For me, an error was mostly the same as a comment (e.g. just a string of "anything" characters) except it had a different value for the node's "type". Of course it makes sense to index the errors so you can quickly find the locations of all errors; and so that (e.g.) when the user defines a new symbol (function name, variable name) you search the list of errors and determine if any of them aren't errors any more. That also means the compiler can quickly generate a list of errors without loading or decoding most of the file.
MessiahAndrw wrote:I think the pre-optimisation stuff is interesting. My main motivation isn't faster build times, but if this stuff is made simple to implement, I'll take it.
Yes, I want to get rid of tools like make. You should be able to just open a project in the IDE and click 'build', with an equivalent that can be automated from the command line. You should be able to add dependencies easily in the IDE (either another project in source form, or the built binary library), and when you build a project it makes sure that the dependencies are built and up to date first.
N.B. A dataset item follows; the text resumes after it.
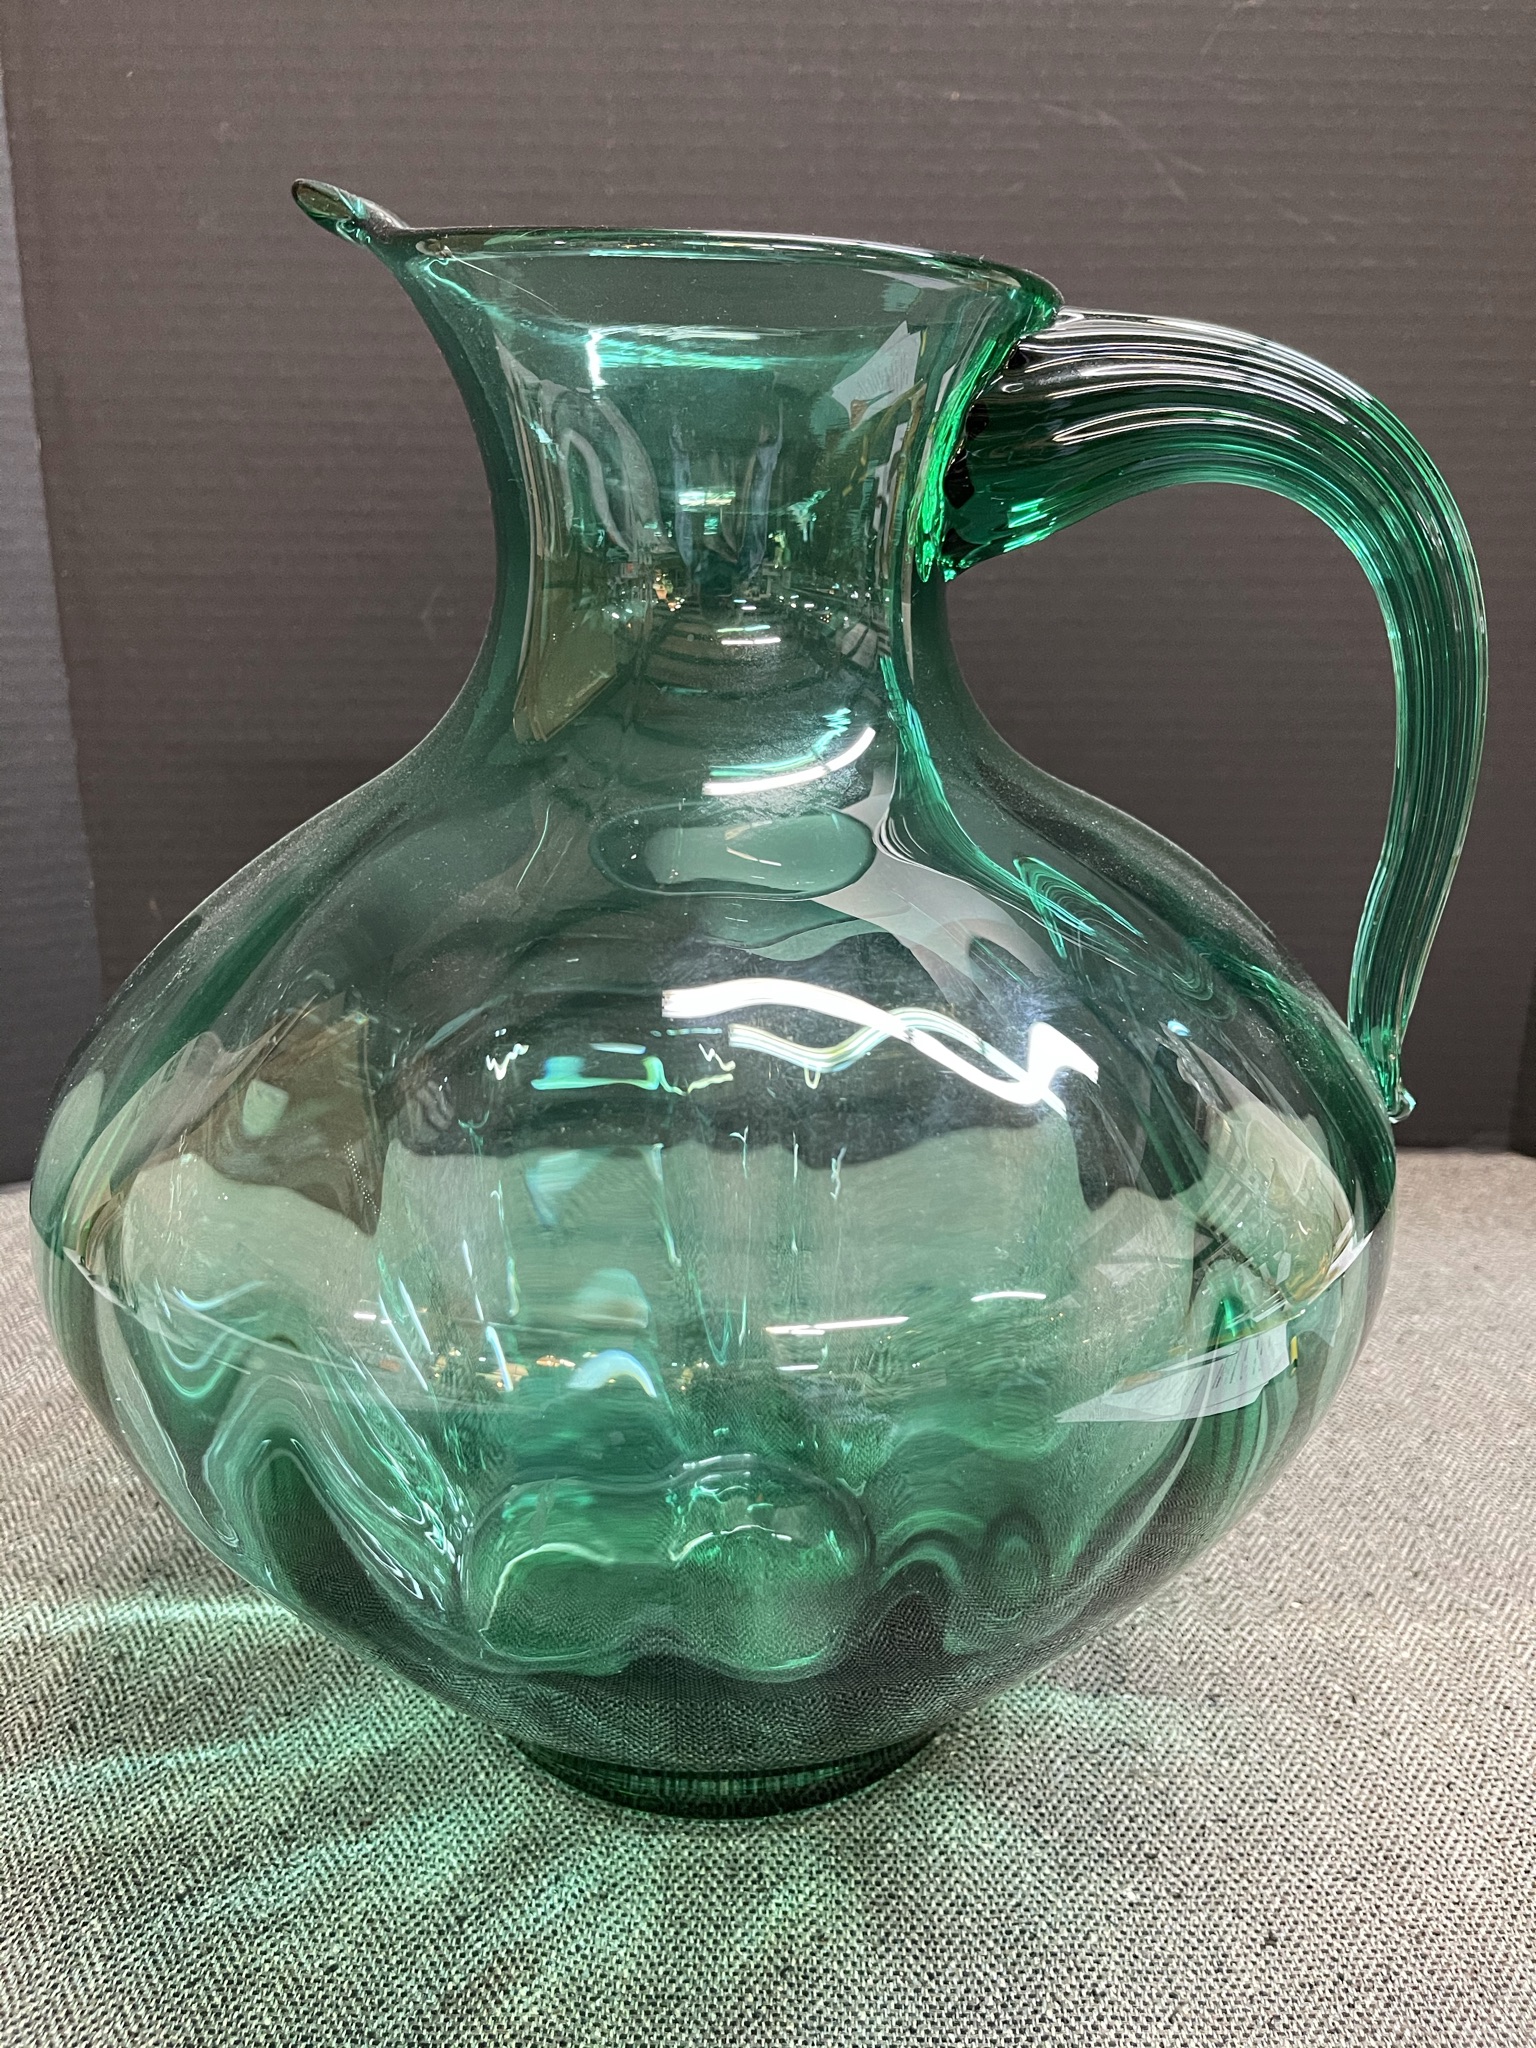 Blenko 14 inch tall pitcher. The fresh green color imparts energy and is a joy to look at! This beautiful vessel has no chips and is in excellent condition.

I want to stream-line everything. Instead of wasting time learning/writing/maintaining makefiles, having a directory of separate source files and separate object files, having a separate linker, and having slow compile times; I want "single file contains source for single executable" with very fast compile times.
MessiahAndrw wrote:I love the idea of live coding. If we are able to execute the same AST that the editor manipulates, why can't we modify it while it's running in debug/interpret mode? Image a game loop and being able to adjust the physics constants as it's running to see what feels right. (Interpreting the AST is in the editor only, the language will be compiled when you actually build it.)
There's no reason you can't have a virtual machine that executed/interprets the AST that does allow live coding (in addition to a compiler that generates fast code that can't support live coding).
Cheers,
Brendan